Conventional research on alternative fuels can be summarized as an effort to solve environmental and energy problems.

First of all, the environmental problem is caused by the increasing use of fossil fuels, which is causing the global environment to be destroyed, especially due to the emissions from automobiles (CO: carbon monoxide, H _X C _X : hydrocarbons, NO _X : nitrogen oxides, etc.). This is an important issue because the air pollution in Esau must be addressed at a serious level.

Carbon monoxide (CO) in the vehicle exhaust gas is caused by incomplete combustion when fuel is burned in a state of lack of oxygen, carbon monoxide is combined with hemoglobin in the blood, causing oxygen deficiency, causing headache, dizziness. Hydrocarbon (H _X C _X ) is an incomplete combustion material produced by the combustion of fuels and is a generic term for compounds composed of carbon and hydrogen, and when mixed with nitrogen compounds, photochemical smog is caused by sunlight.

Nitrogen oxides (NO _X ) are caused by the combustion of the nitrogen component of the fuel, but most of them are caused by the oxidation of nitrogen in the air when burning at high temperatures. Therefore, it is also called thermal oxide, and mixed with hydrocarbons to produce photochemical smog and acid rain by chemical reaction with snow, rain and fog.
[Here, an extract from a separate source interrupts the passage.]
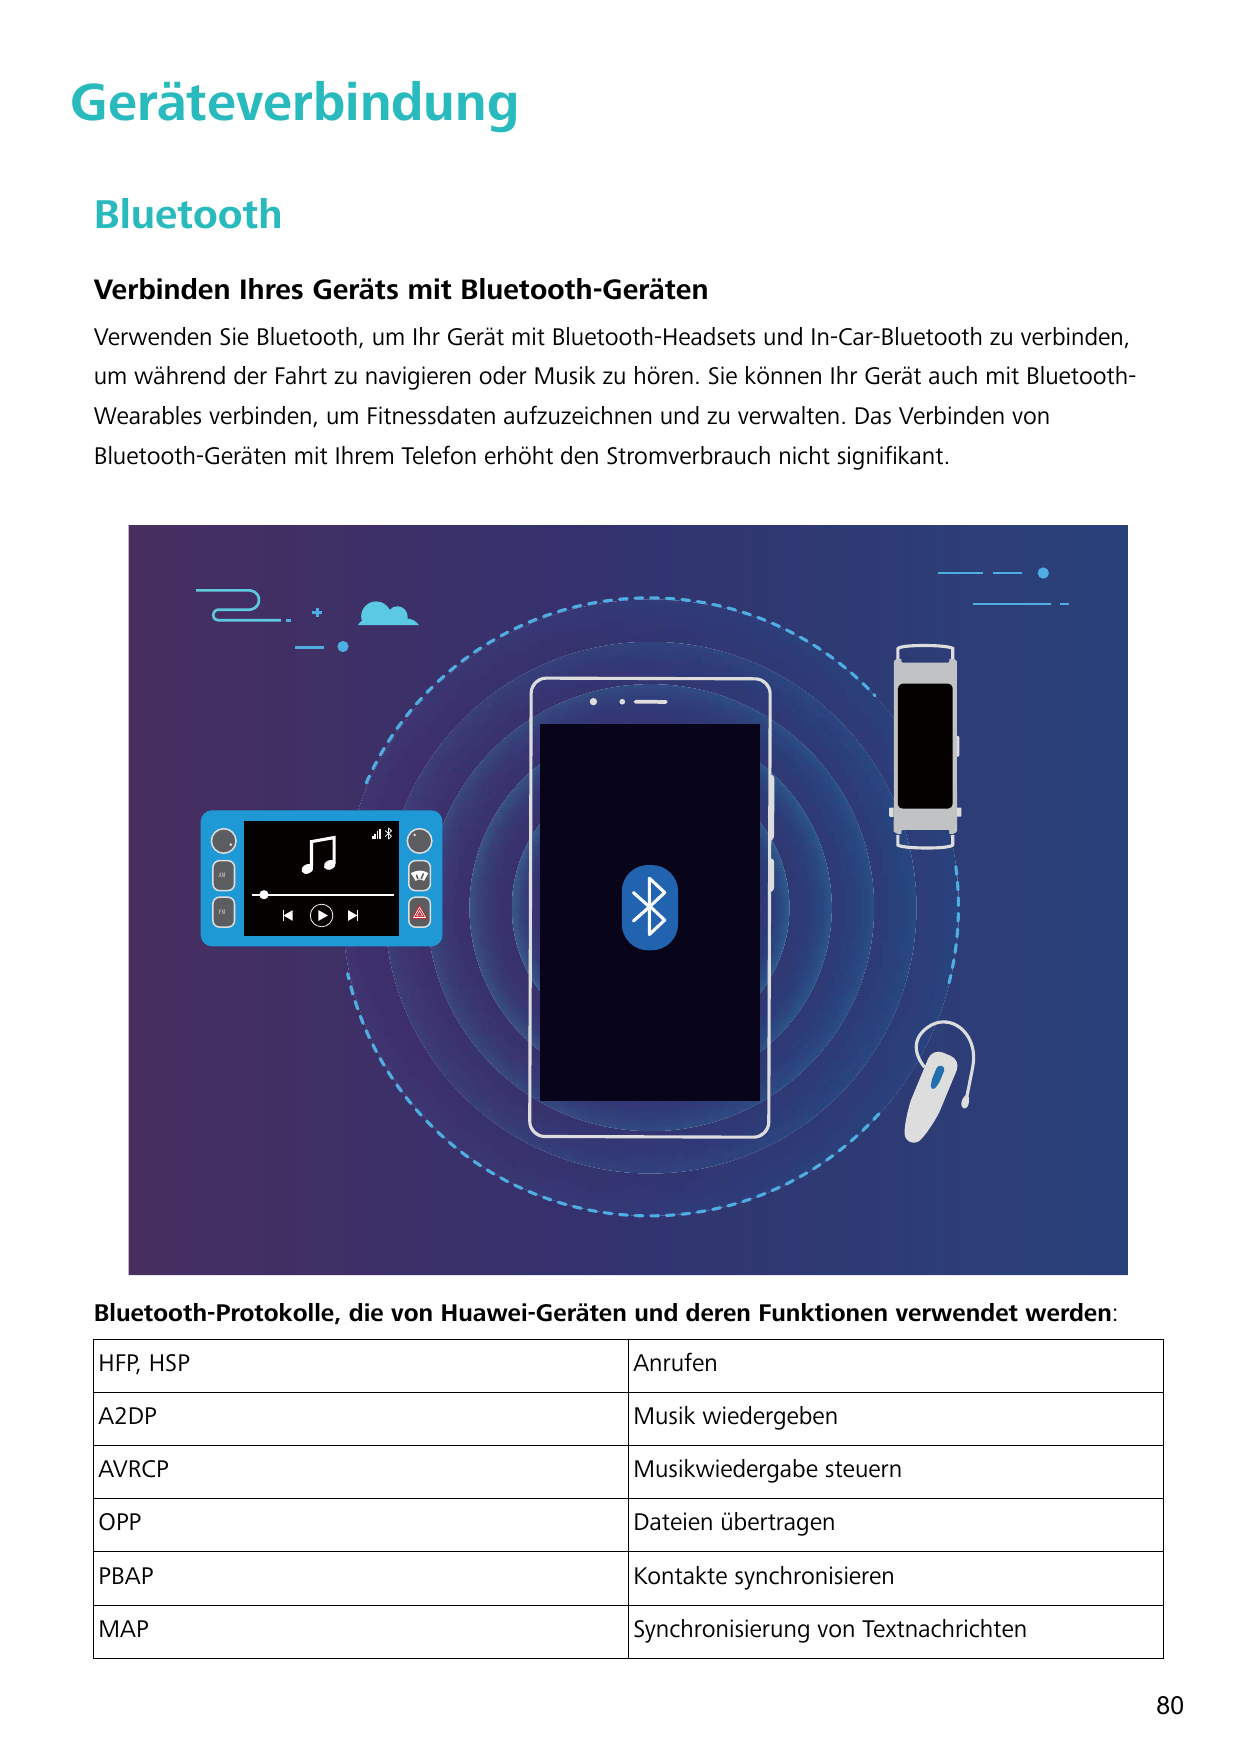 GeräteverbindungBluetoothVerbinden Ihres Geräts mit Bluetooth-GerätenVerwenden Sie Bluetooth, um Ihr Gerät mit Bluetooth-Headset

In addition to the environmental issues, there is an urgent need to develop alternative fuels to solve the energy shortage due to the danger that fossil fuels will be exhausted within this century due to the increased use of fossil fuels.

Responding technologies for environmental issues include low-emission vehicles, electric vehicles, hybrid electric vehicles, and fuel cell vehicles using direct gasoline direct injection and diesel common rail direct injection. The alternative fuel in the energy problem is methanol. Alcohol fuels, electric hybrid fuel cells, compressed natural gas, and liquefied natural gas using the gas have been proposed as alternatives.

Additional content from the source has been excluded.